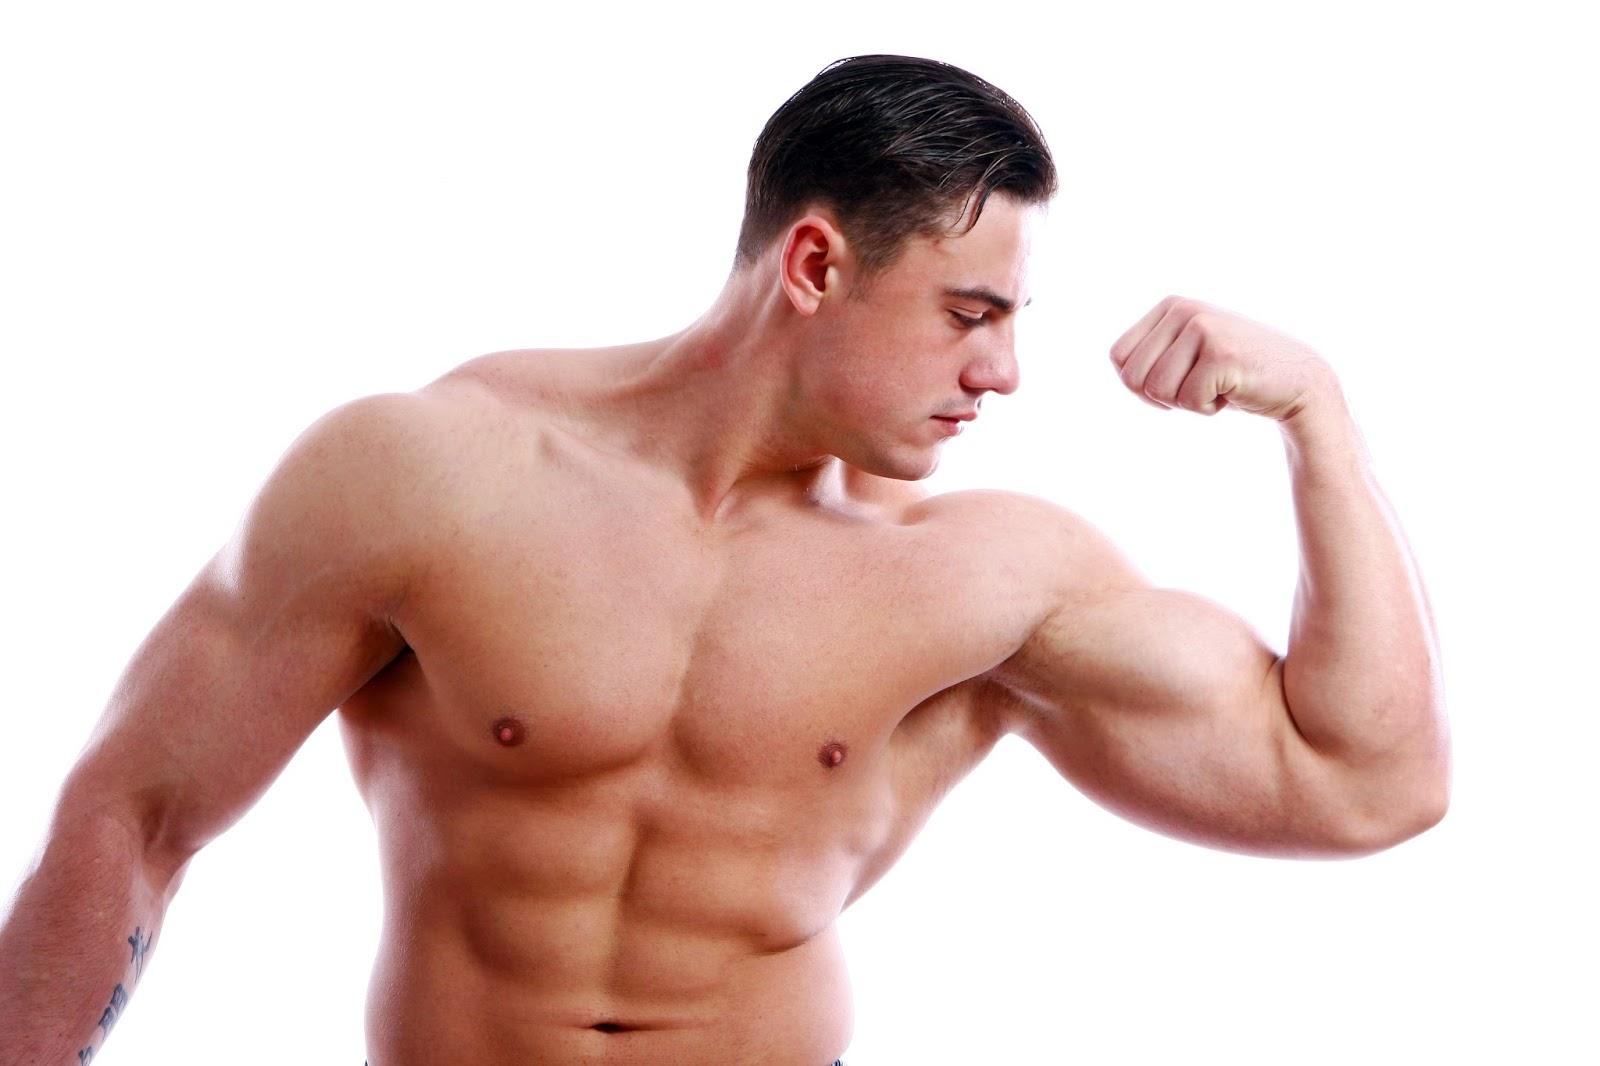 apakah obat kuat pria benar benar aman dikonsumsi yang bagus
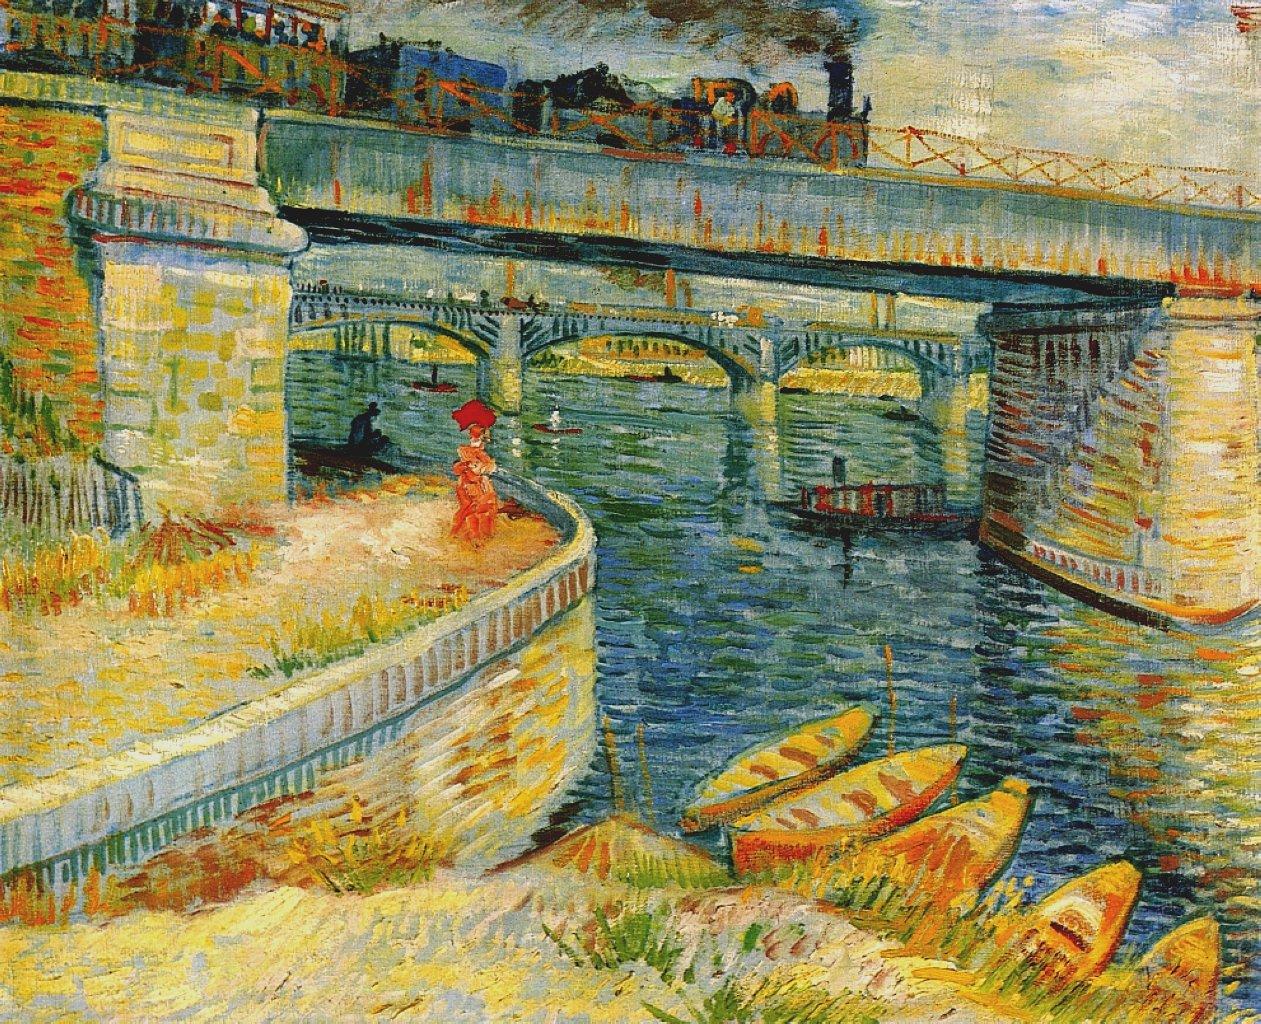 File:Vincent van Gogh - Bridges across the Seine at Asnieres.jpg
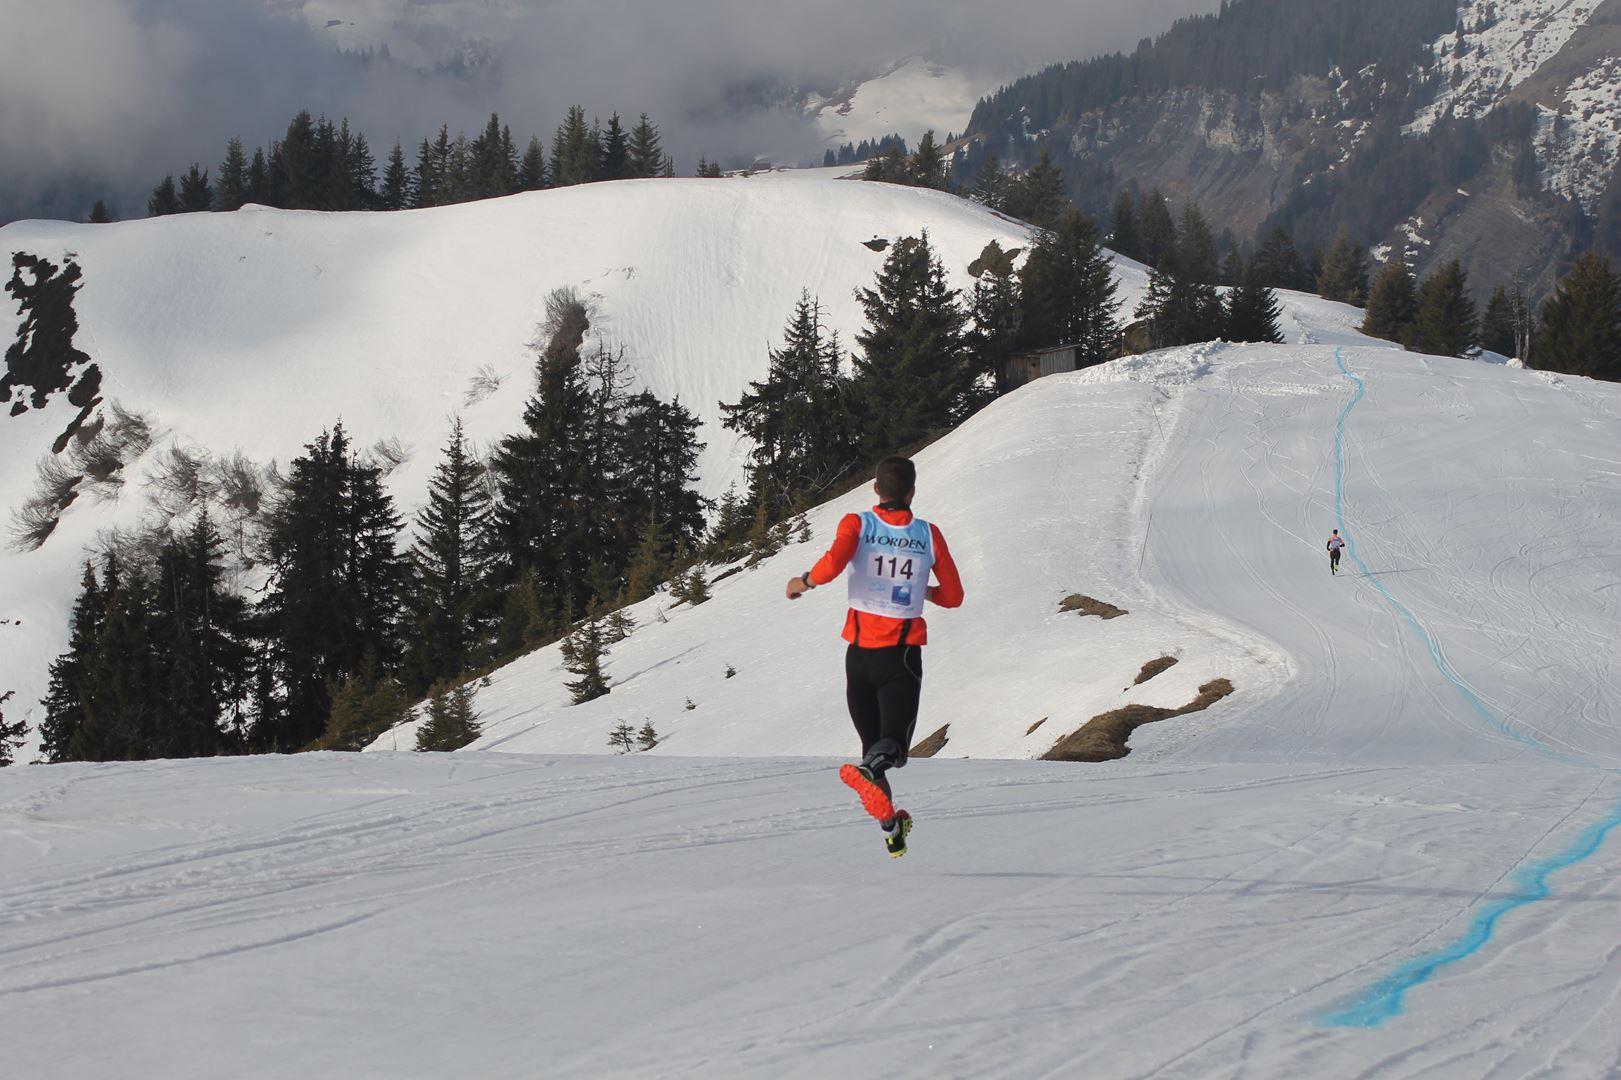 Bastien Gachet motivé pour revenir sur Fiers - RESULTATS ET REPORTAGE SUR LA 8EME EDITION DE l'ARAVIS SNOW TRAIL  (LA GIETTAZ 73)
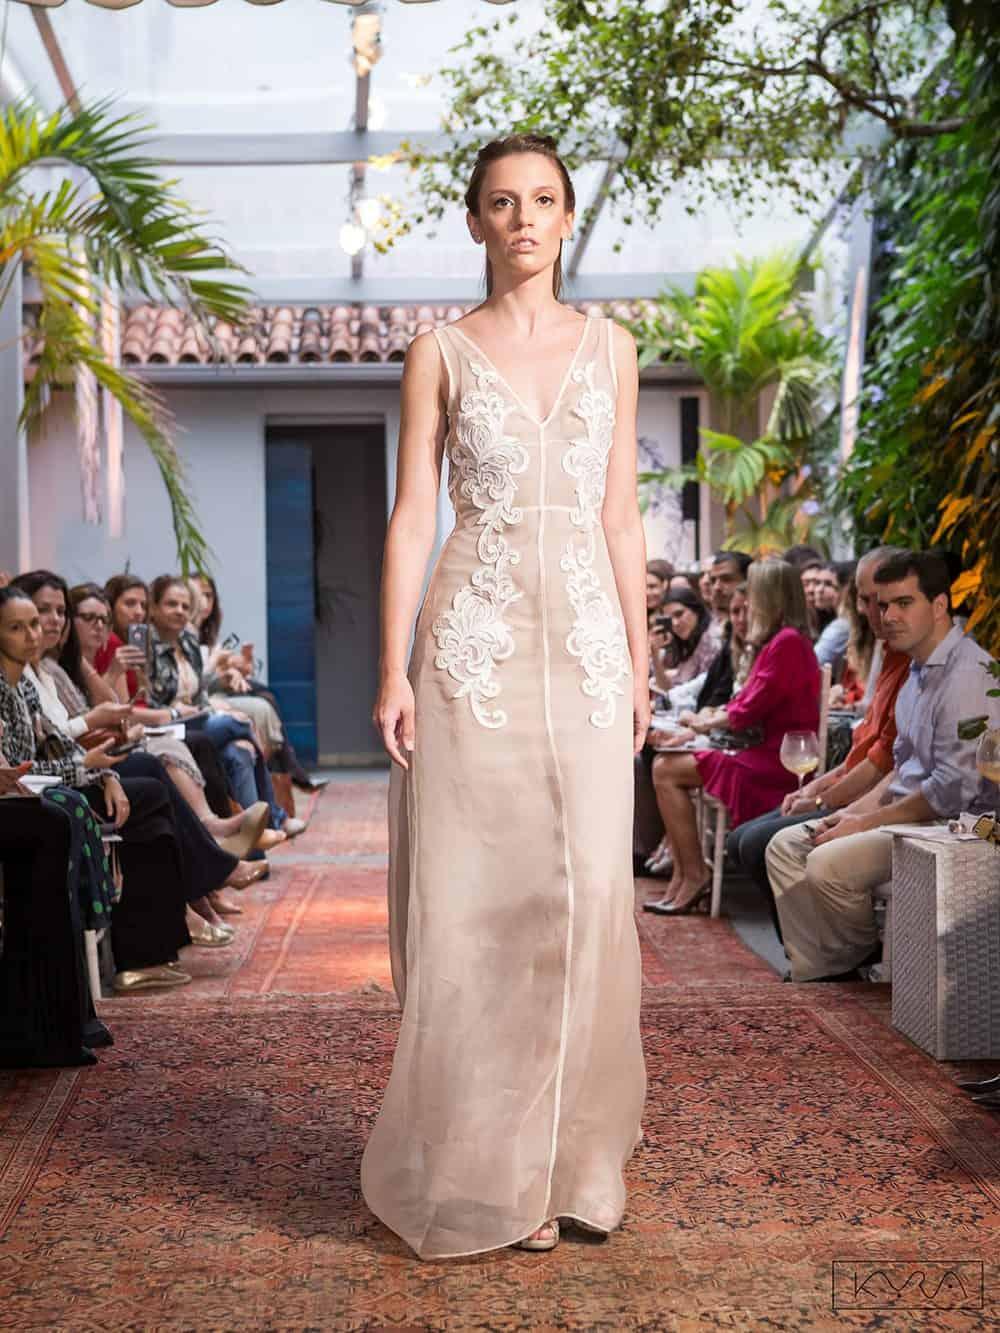 desfile-vestido-de-noiva-entardecer-julia-golldenzon-foto-kyra-mirsky-44

◆ Work request
The whole listing above must be set down again exactly, but without its images.

◆ Exercise response
 apakah obat kuat pria benar benar aman dikonsumsi yang bagus
 File:Vincent van Gogh - Bridges across the Seine at Asnieres.jpg
 Bastien Gachet motivé pour revenir sur Fiers - RESULTATS ET REPORTAGE SUR LA 8EME EDITION DE l'ARAVIS SNOW TRAIL  (LA GIETTAZ 73)
 desfile-vestido-de-noiva-entardecer-julia-golldenzon-foto-kyra-mirsky-44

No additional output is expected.